Counting the electricity costs
However much Bill Shorten and Labor try to dismiss the analysis of Climate Change Authority modelling showing Labor’s 50 per cent renewable energy target by 2030 would pile an average $200 a year on to household power bills, their denials will be unconvincing while the opposition fails to produce and explain its own modelling. As Simon Benson revealed yesterday, the analysis of CCA modelling, a body set up by the Gillard government, has calculated that Labor’s energy policy, including its 45 per cent emissions reduction target, would require17,000 megawatts of coal-fired power to be taken out of the National Electricity Market. That figure would be equivalent to 75 per cent of existing coal-fired generation, or 10 coal-fired power stations similar in size to Hazelwood. Such a transition to renewables would reduce Australia’s 16 coal-fired power stations to one or two.
Opposition energy spokesman Mark Butler said yesterday the analysis was based on modelling Labor had never supported. But he did not offer alternative projections. In contrast, Energy Minister Josh Frydenberg has promised that before energy ministers meet next month, he will release modelling of the government’s National Energy Guarantee policy, which he says will cut household bills up to $115 a year.

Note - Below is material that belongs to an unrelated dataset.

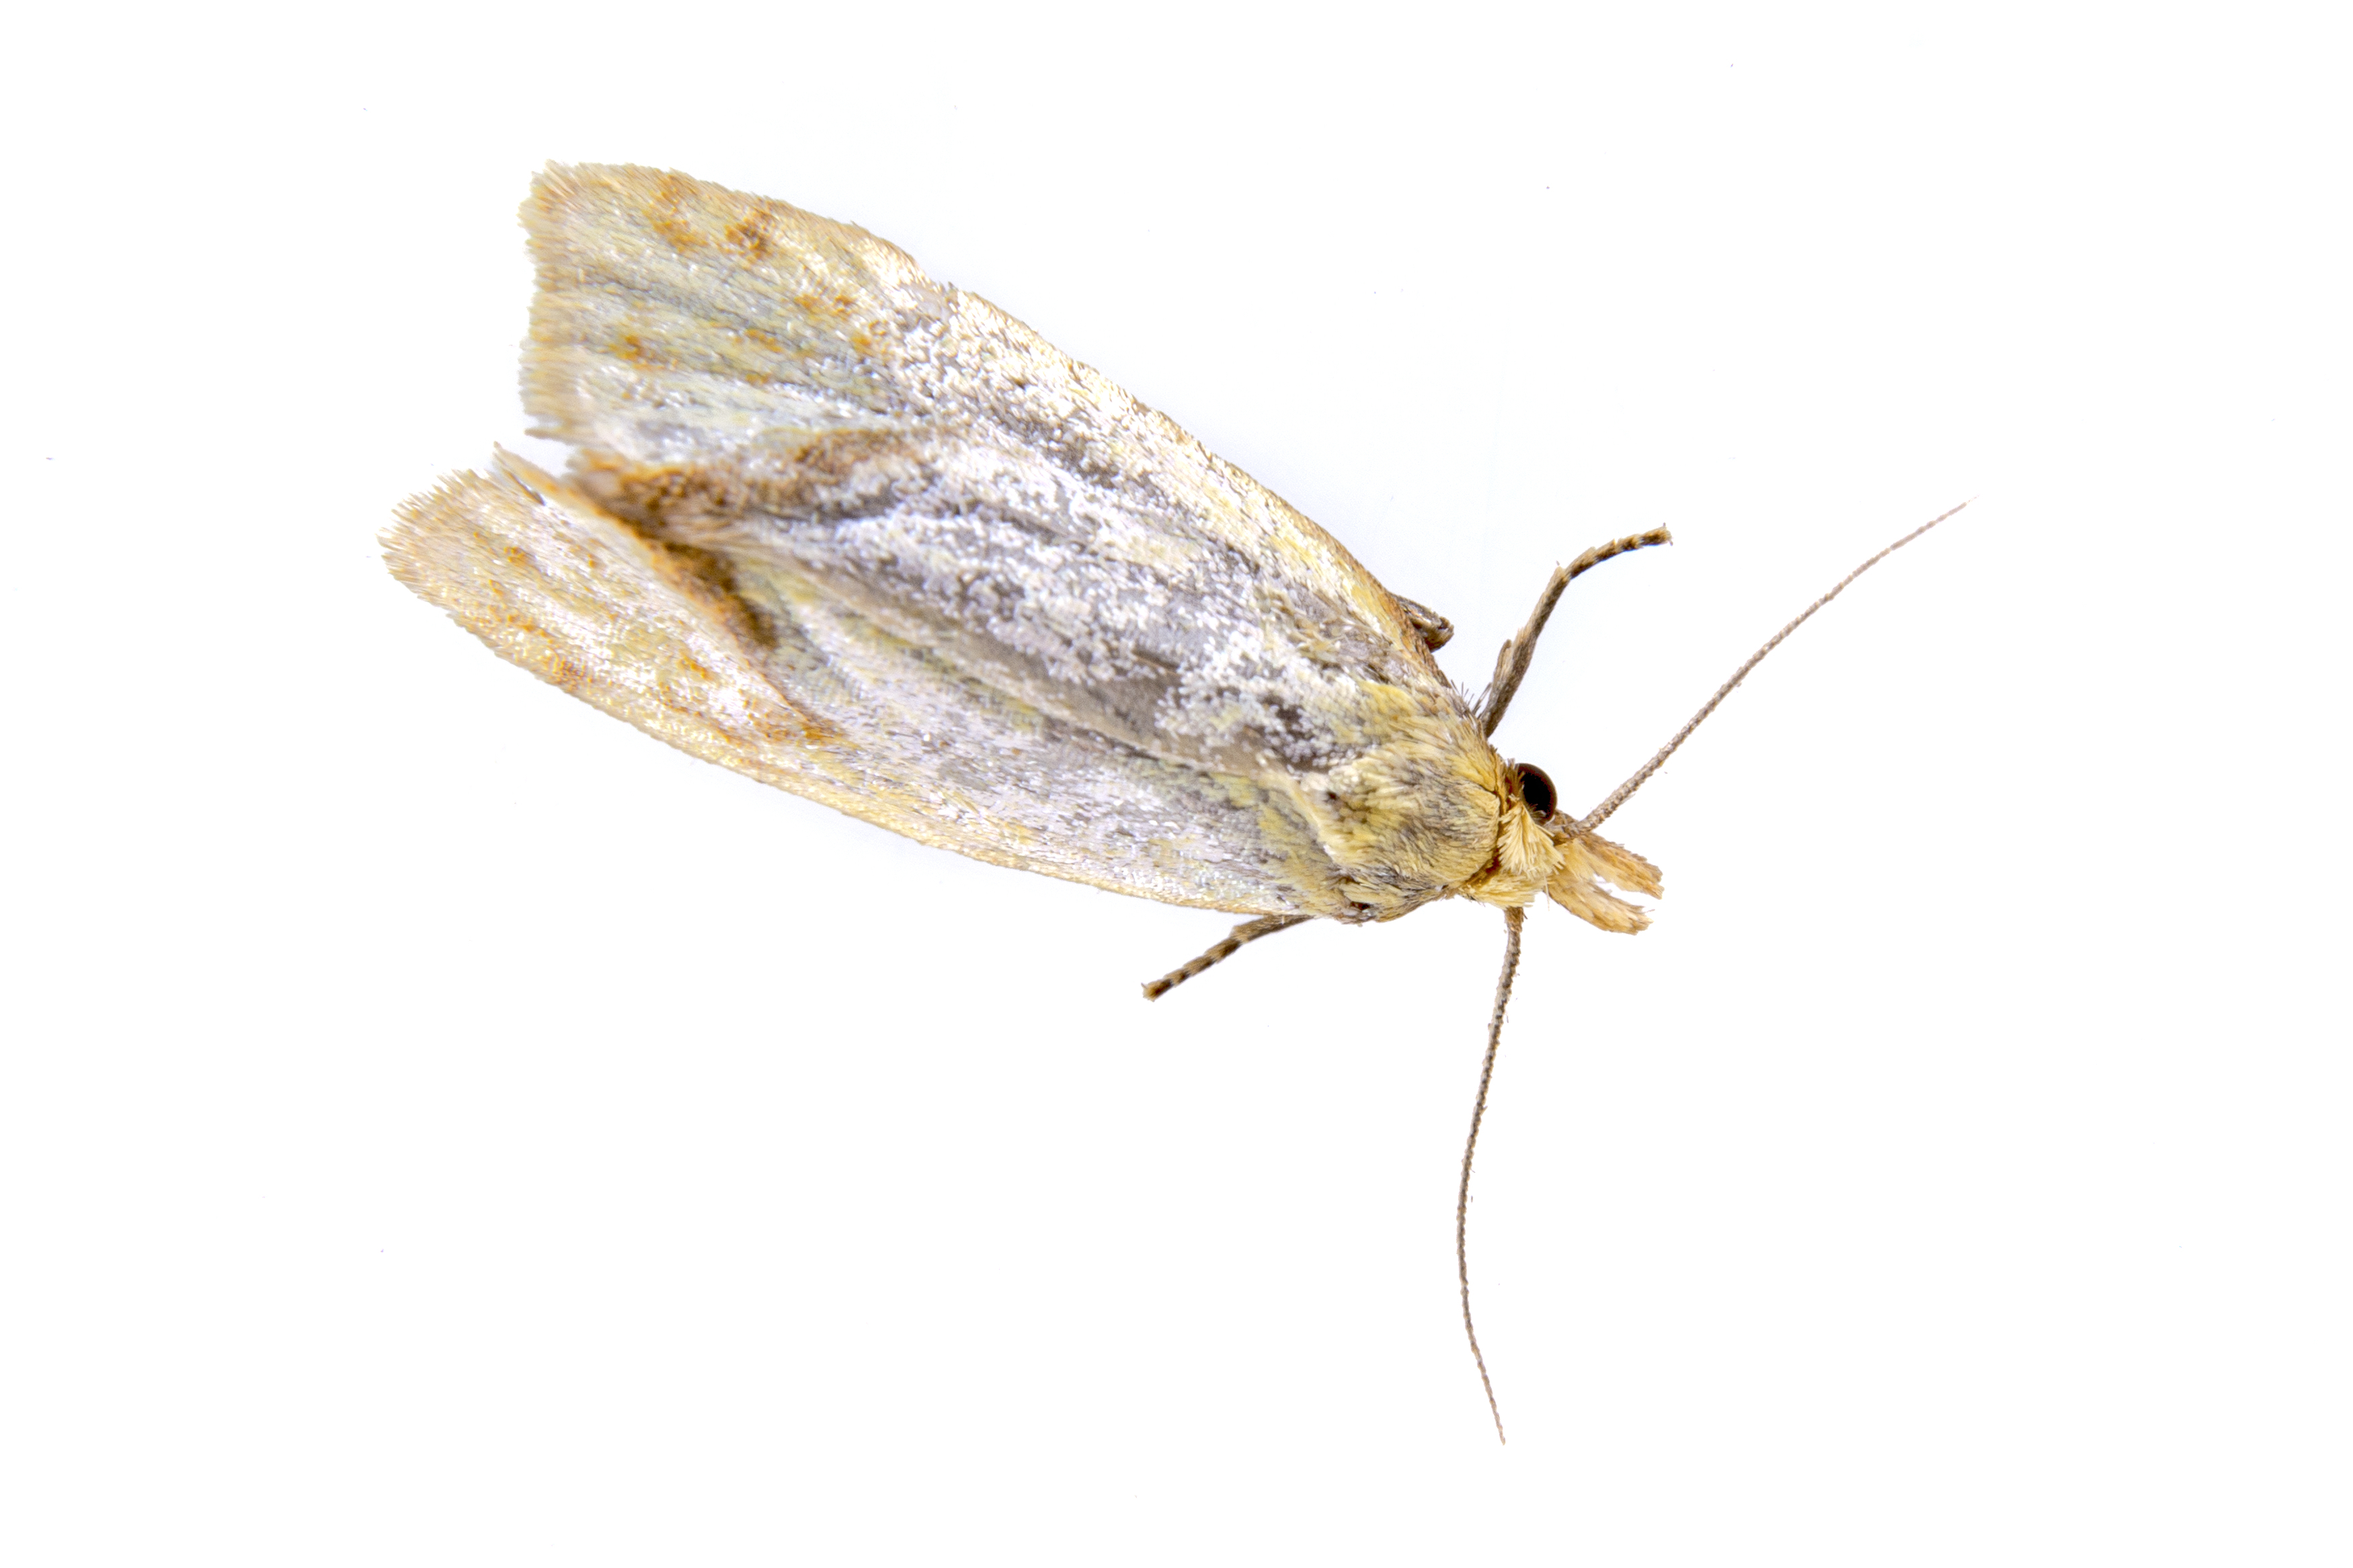 Klædemøl - Tineola bisselliella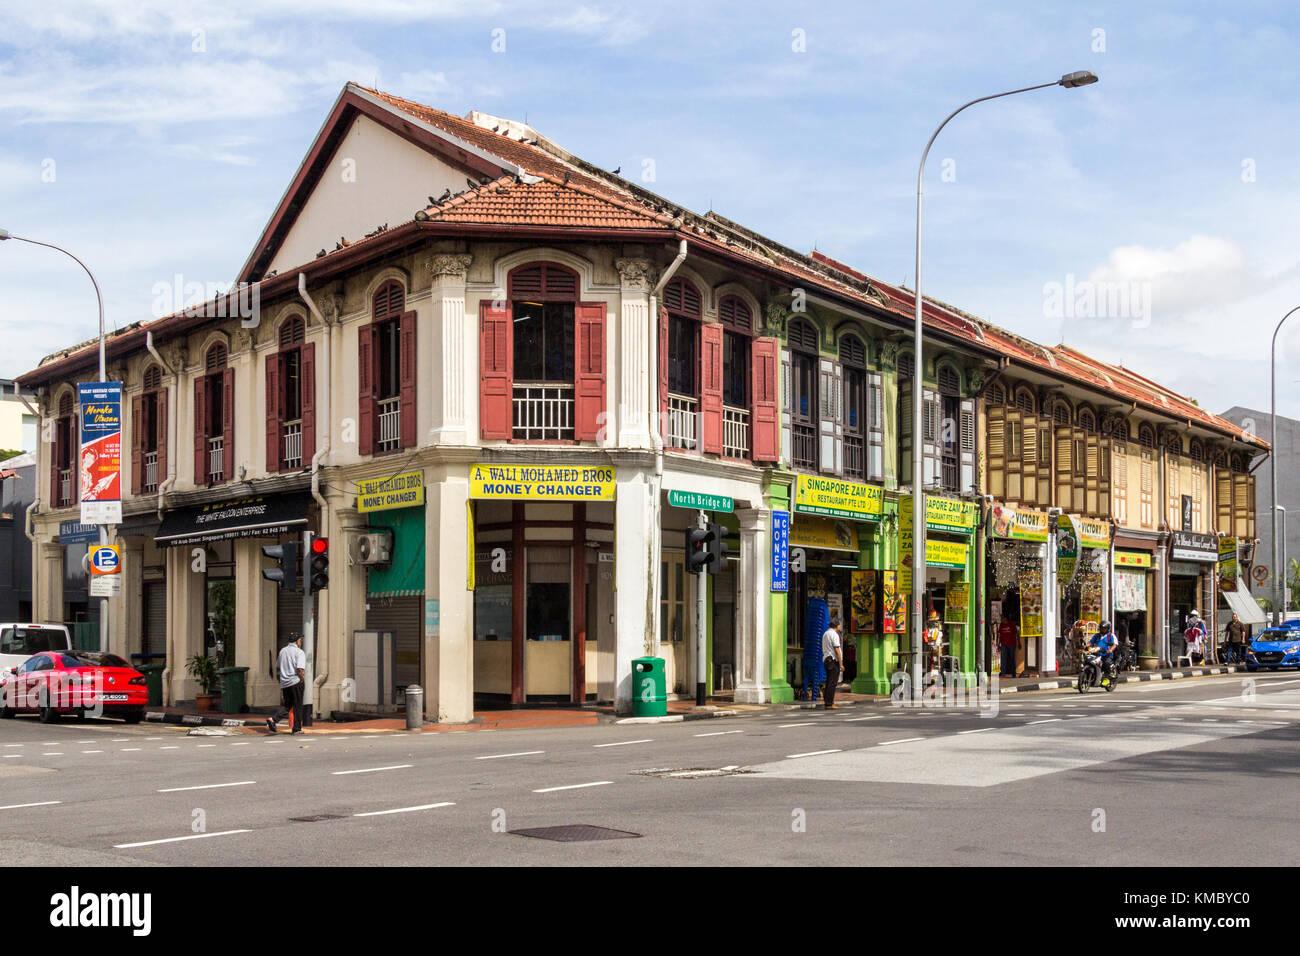 Typical shophouses, North Bridge Road, Singapore - Stock Image

Mr Shorten has criticised the NEG for scaling down Australia’s renewable energy industry in return for a “lousy” 50c-a-week saving. But the CCA modelling has strengthened Malcolm Turnbull’s case. Based on available figures, the Coalition’s policy would leave householders $300 a year better off. As Mr Shorten said in Geelong last week, “if spiralling gas and electricity prices are not tackled, the energy crisis will become a jobs crisis”, especially in manufacturing. But scaling back the use of coal-fired power, a cornerstone of Labor policy, would exacerbate the problem. After years of soaring prices, blackouts in South Australia and looming shortages, consumers and business will have little patience with Labor’s vague denials that the cost of Labor policy is wrong. Mr Shorten needs to detail the impact of his policy.